Iran | Le régime peut-il résister à une attaque israélo-américaine ?

24. Februar 2026 um 13:25

Alors que les paris vont bon train sur la probabilité d’une attaque de l’Iran par les États-Unis et Israël, sur l’ampleur de l’opération et sur son timing, il y a un sujet qui passe inaperçu qui est le conflit actuel en Iran entre les conservateurs et les réformateurs dans la gestion de la crise et la possibilité que la guerre puisse faire tomber le régime. C‘est le sujet d’un article du Times, qui est revenu sur ce différend opposant les deux camps.

Imed Bahri

Le journal britannique indique qu’alors que le guide suprême Ali Khamenei se cache, les conservateurs reconnaissent que les États-Unis sont capables d’infliger des dégâts importants à leur pays mais ils pensent également pouvoir leur résister. 

«À Washington comme à Téhéran, on a l’impression qu’un conflit pourrait faciliter la diplomatie car il rendrait l’autre partie plus rationnelle lors des négociations», explique Ali Vaez, responsable du projet Iran au sein de l’International Crisis Group, avant d’ajouter : «Je trouve cela complètement absurde. Bien sûr, l’Iran serait vaincu [dans une guerre prolongée], mais certains conservateurs à Téhéran croient que le seul moyen de mettre fin à ce cycle d’agressions américaines et israéliennes est de verser le sang».

Ce point de vue n’est pas partagé par tous les dirigeants iraniens, notamment par le camp relativement pragmatique des réformateurs représentés par le président Massoud Pezeshkian. Leur priorité est d’obtenir un allègement des sanctions américaines afin de sauver l’économie iranienne chancelante et de contenir le mécontentement généralisé qui a suivi la répression violente du soulèvement populaire.

Sauvetage ou capitulation

Sanam Vakil, directrice du projet Moyen-Orient à Chatham House, déclare : «Le camp réformateur considère cet accord comme le seul moyen de sauver le régime et de consolider son influence. Les conservateurs, quant à eux, estiment que l’accord proposé équivaut à une capitulation totale. Face à l’absence de levée substantielle des sanctions de la part des États-Unis, ils y voient un prélude à des pressions accrues et à un changement de régime». Elle ajoute : «Leurs calculs reposent donc sur un pari risqué, voire une guerre, pour améliorer les termes de l’accord final. À mon avis, c’est extrêmement dangereux, et il est incompréhensible qu’ils pensent pouvoir tenir tête aux États-Unis».

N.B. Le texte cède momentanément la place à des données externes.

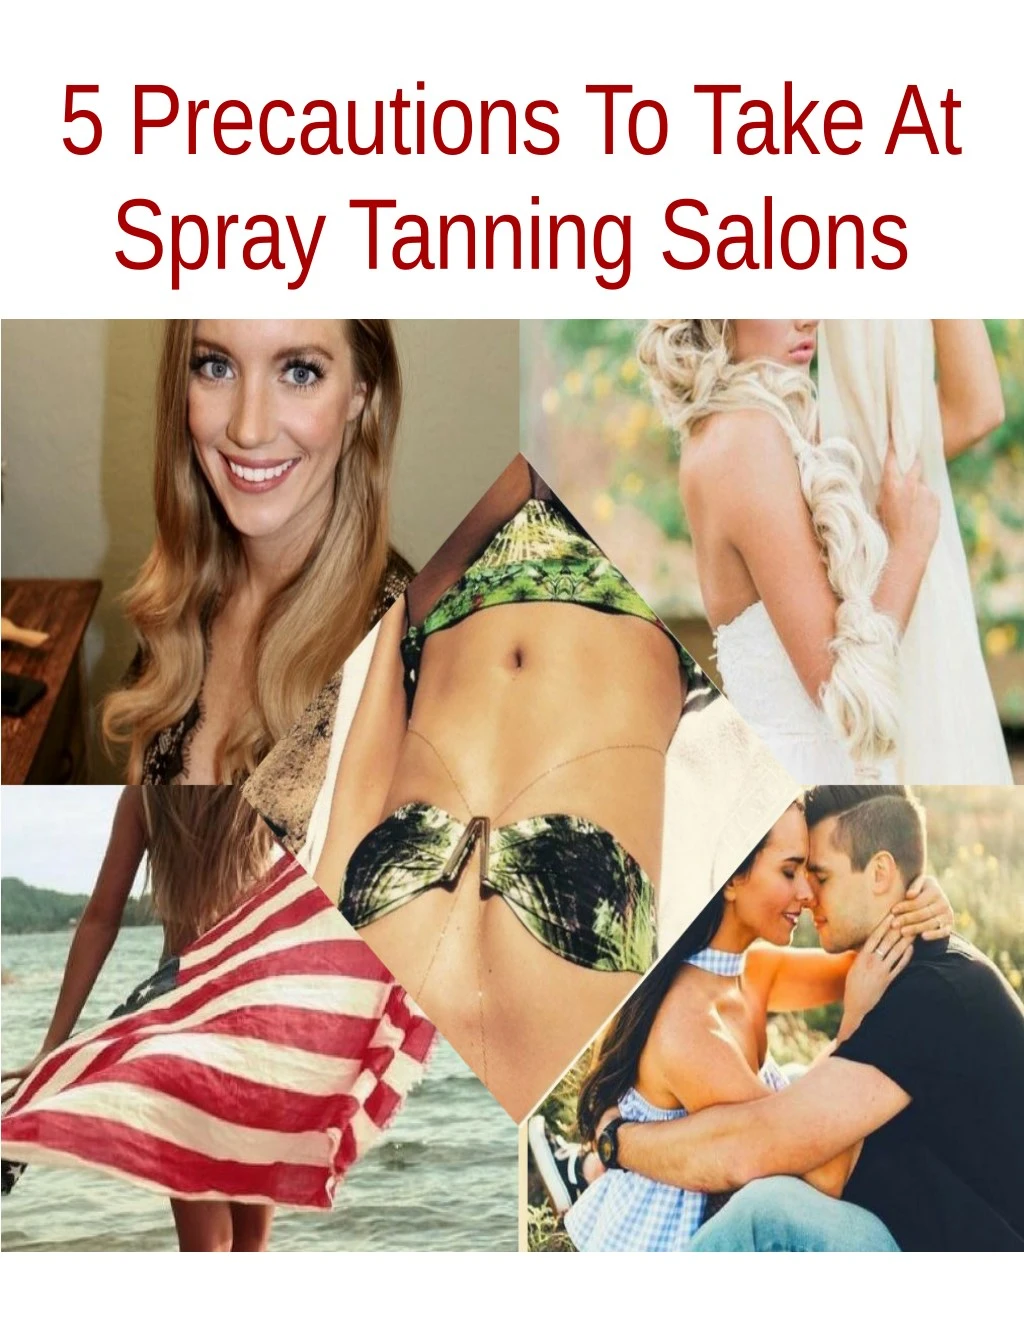 5 precautions to take at spray tanning salons

Les deux camps ont une longue tradition d’erreurs d’appréciation dans les conflits. Cette situation a enlisé les États-Unis dans des conflits interminables au Vietnam, en Irak et en Afghanistan et a entraîné l’Iran dans une série de guerres menées par Israël, au cours desquelles les milices supplétives de Téhéran dans la région ont été décimées et nombre de leurs généraux les plus gradés tués.

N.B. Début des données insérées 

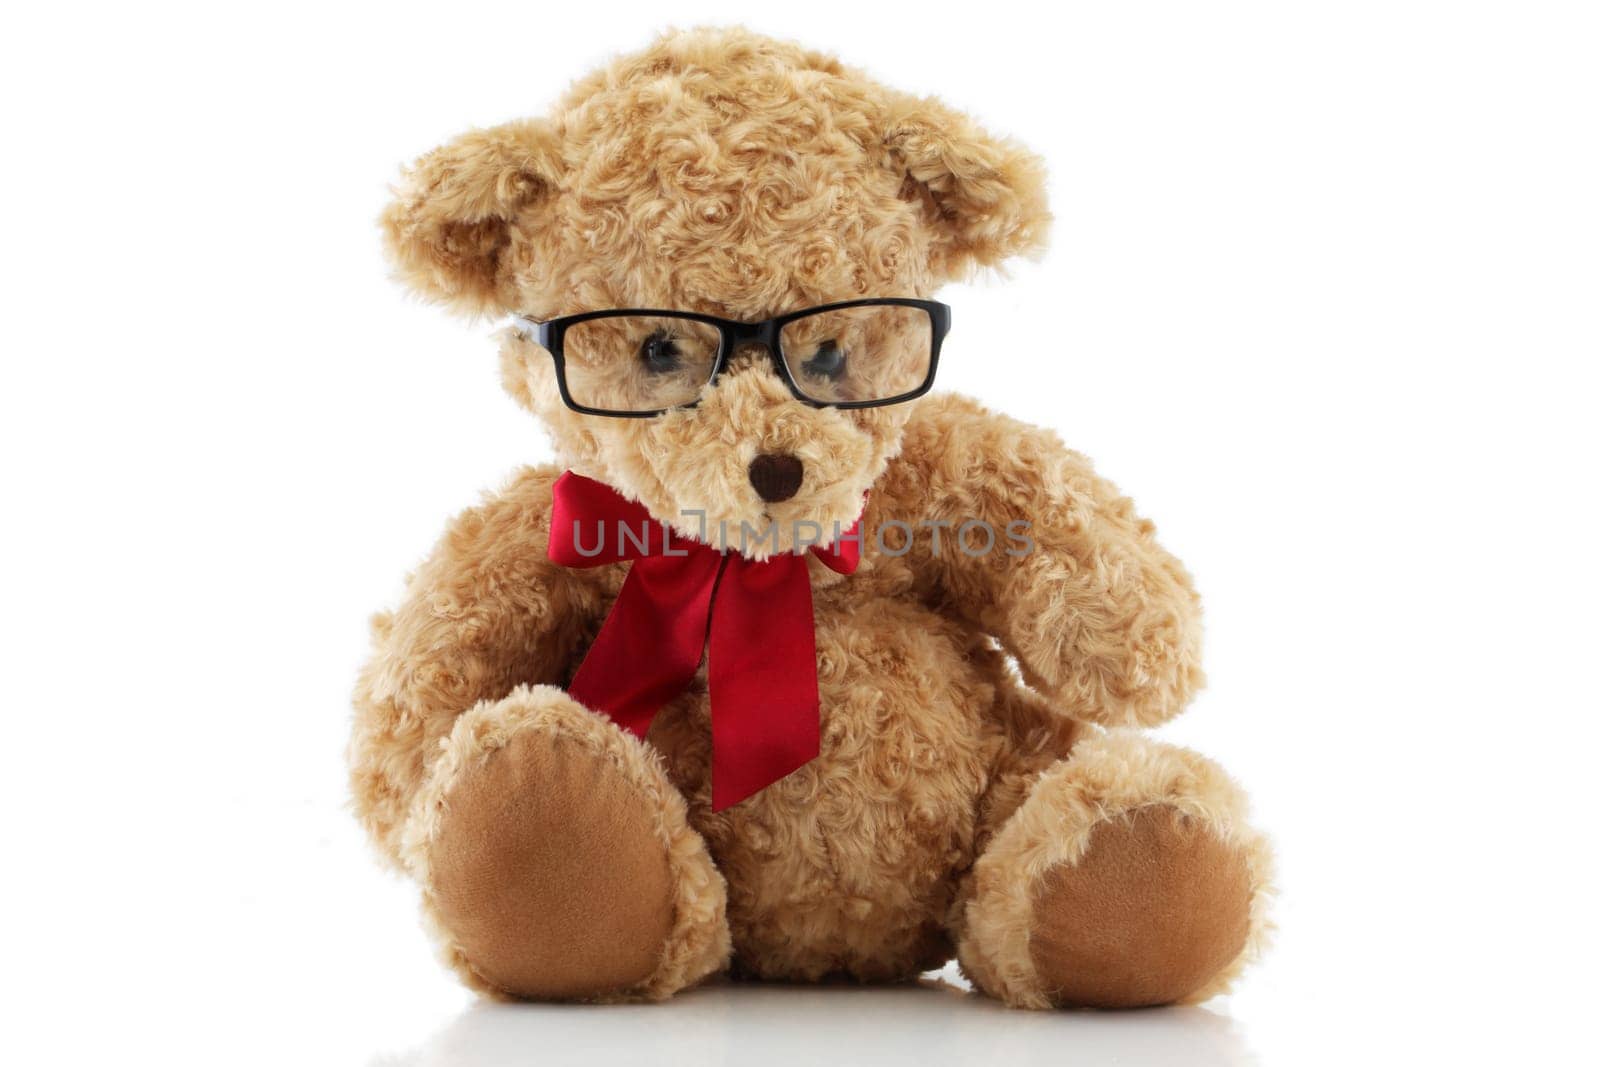 A Cute Teddy Bear with glasses

Toute guerre contre les États-Unis serait probablement bien plus destructrice que la campagne aérienne menée par Israël l’an dernier qui a gravement endommagé les installations nucléaires iraniennes et décapité son commandement militaire. L’Iran a tiré les leçons de ce conflit, en créant un nouveau conseil de défense habilité à prendre des décisions à un moment où Khamenei –qui pourrait figurer en tête d’une liste noire américaine– pourrait se cacher.

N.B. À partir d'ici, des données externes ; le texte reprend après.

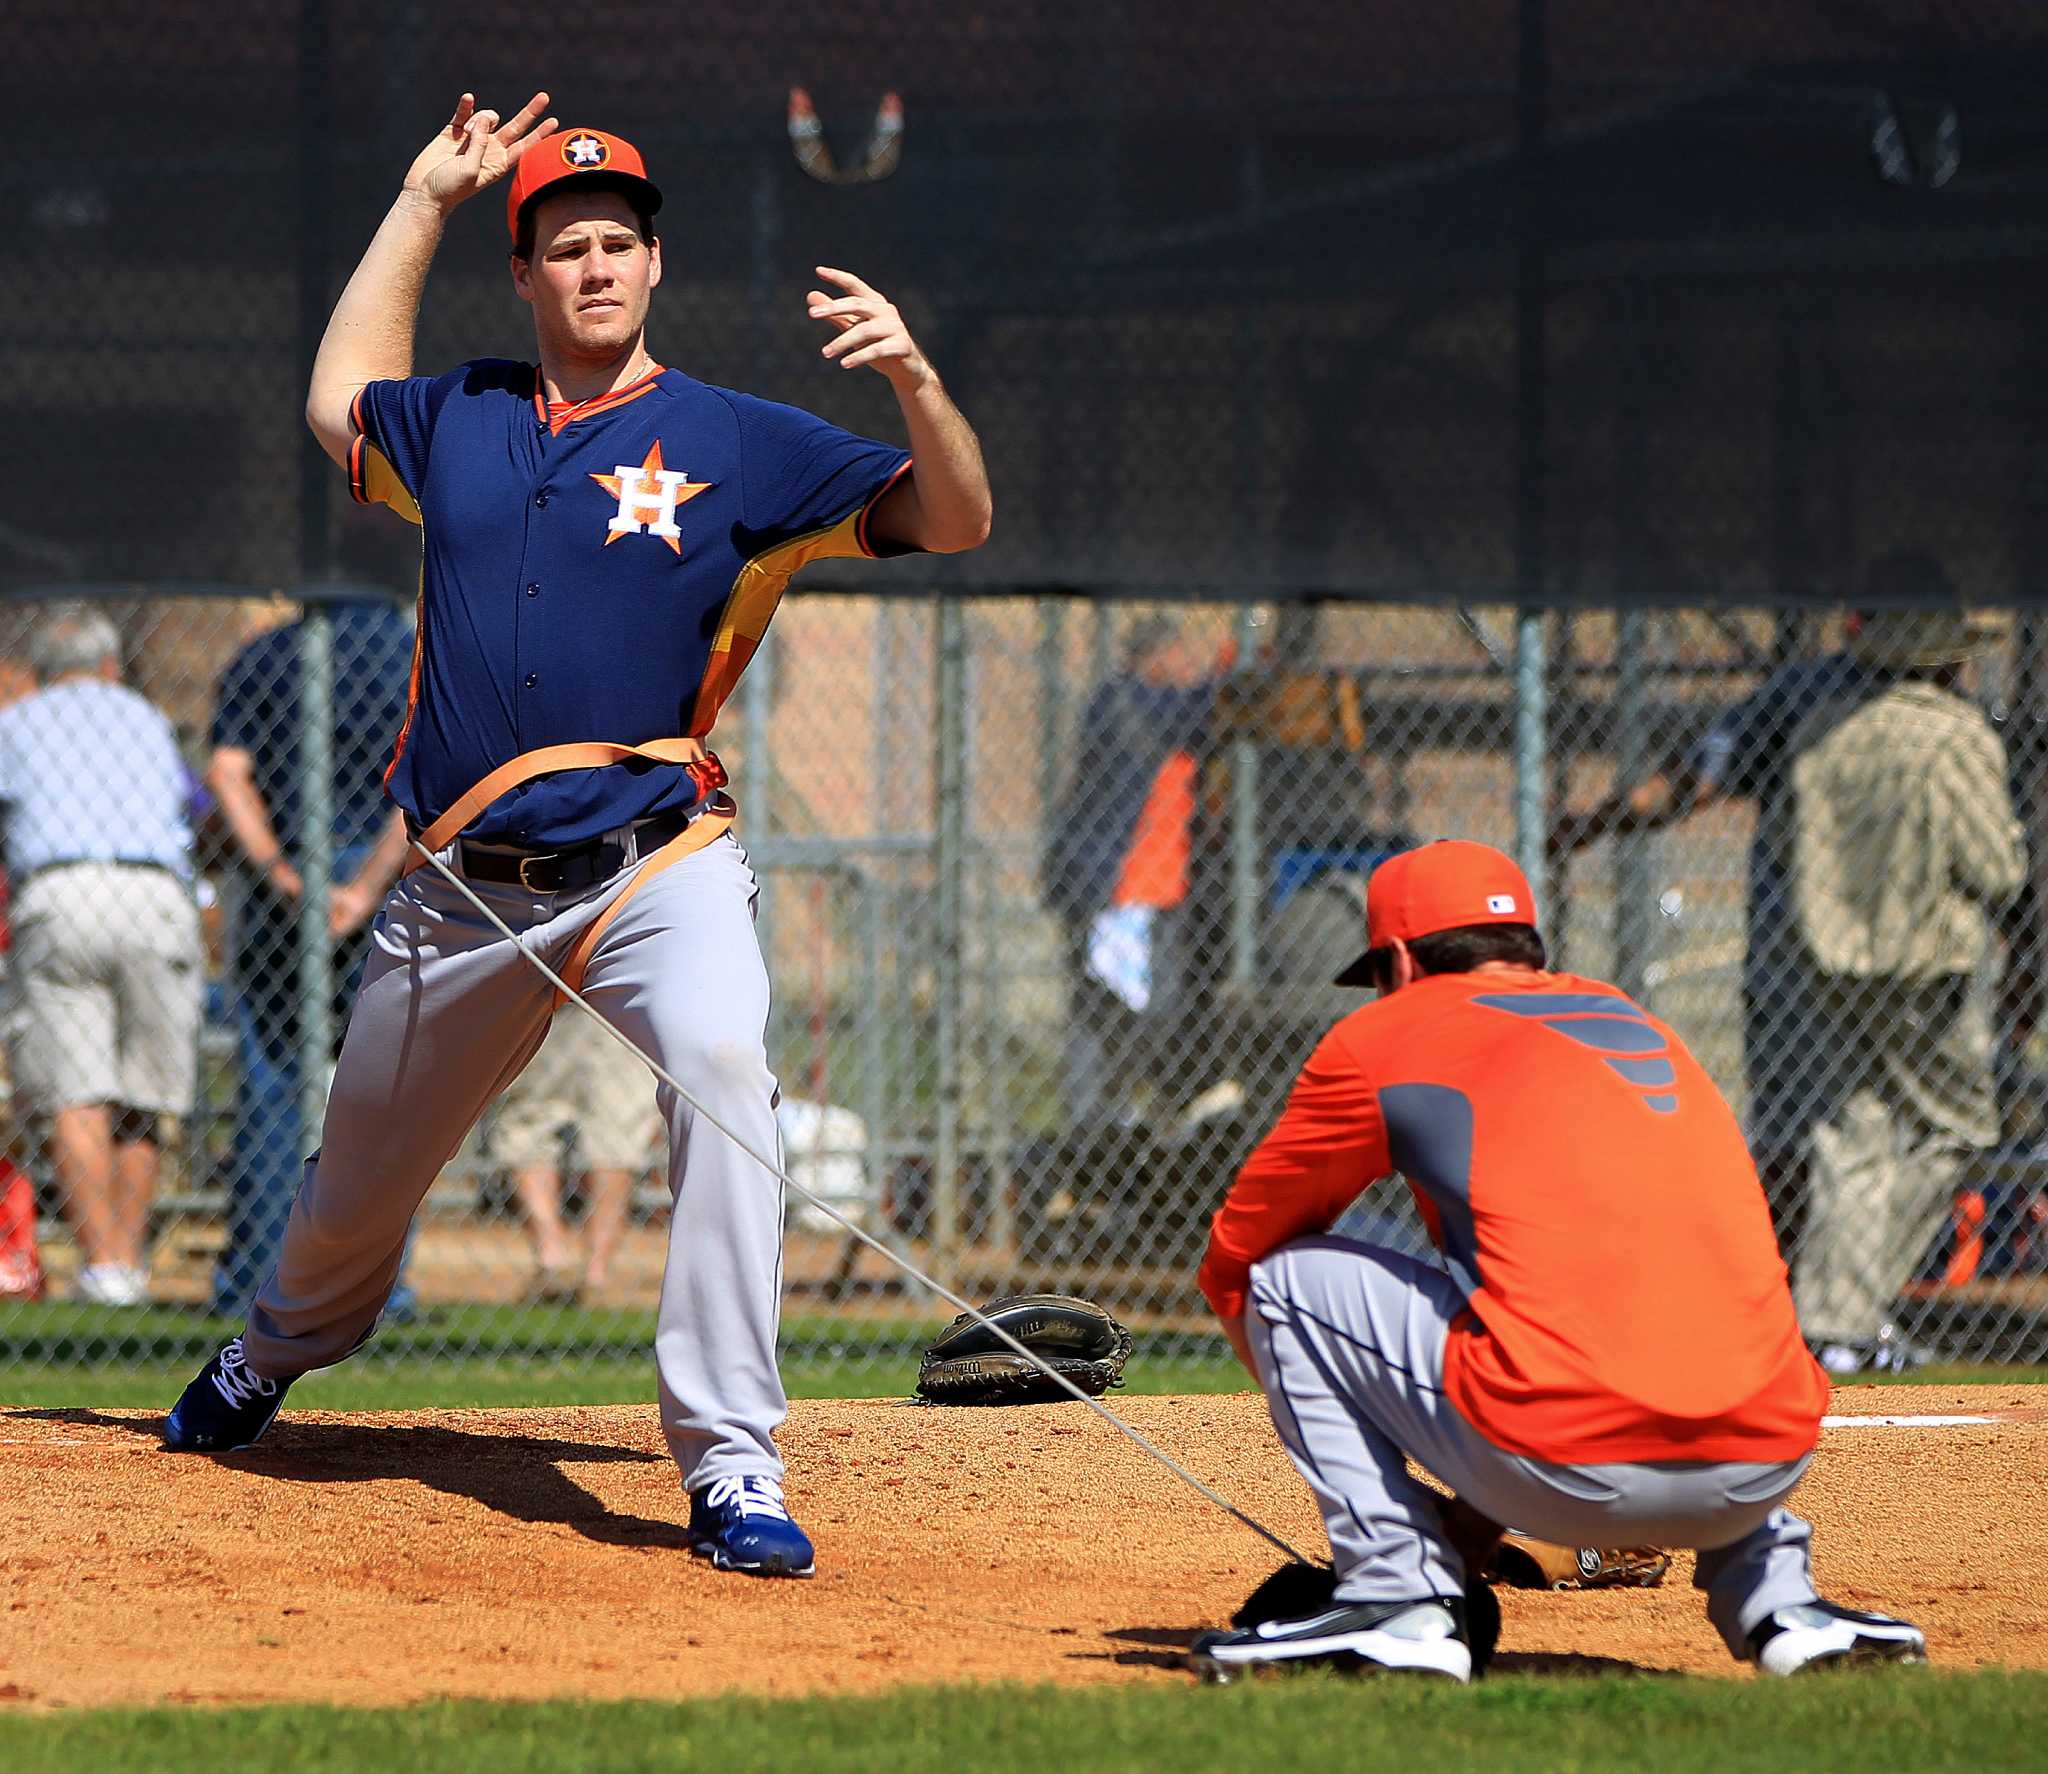 Pitching prospect Doran hopes to impress Astros

La carte du détroit d’Ormuz

Depuis des années, l’Iran renforce ses forces navales dans le but de fermer le détroit d’Ormuz, par lequel transite un tiers du pétrole mondial transporté par voie maritime, et d’attaquer les navires de guerre américains avec des missiles, des vedettes suicides, des drones kamikazes (munitions rodeuses) et des sous-marins.

«Toutes les capacités développées par l’Iran visent à cibler les forces navales et les bases américaines dans la région ce qui représente un danger réel», a déclaré Vaez avant d’ajouter : «Les États-Unis en sont conscients. Si une attaque était facile à lancer, elle aurait été menée depuis des semaines».

Vaez a ajouté que les dirigeants iraniens estiment que, si les États-Unis sont capables d’infliger des dégâts importants, ils sont mieux armés pour y résister. «Si un seul navire de guerre américain était touché par des milliers de missiles, de missiles antinavires, de drones sous-marins et de vedettes rapides, ce serait un désastre pour le président Trump. Voilà la différence», a-t-il souligné.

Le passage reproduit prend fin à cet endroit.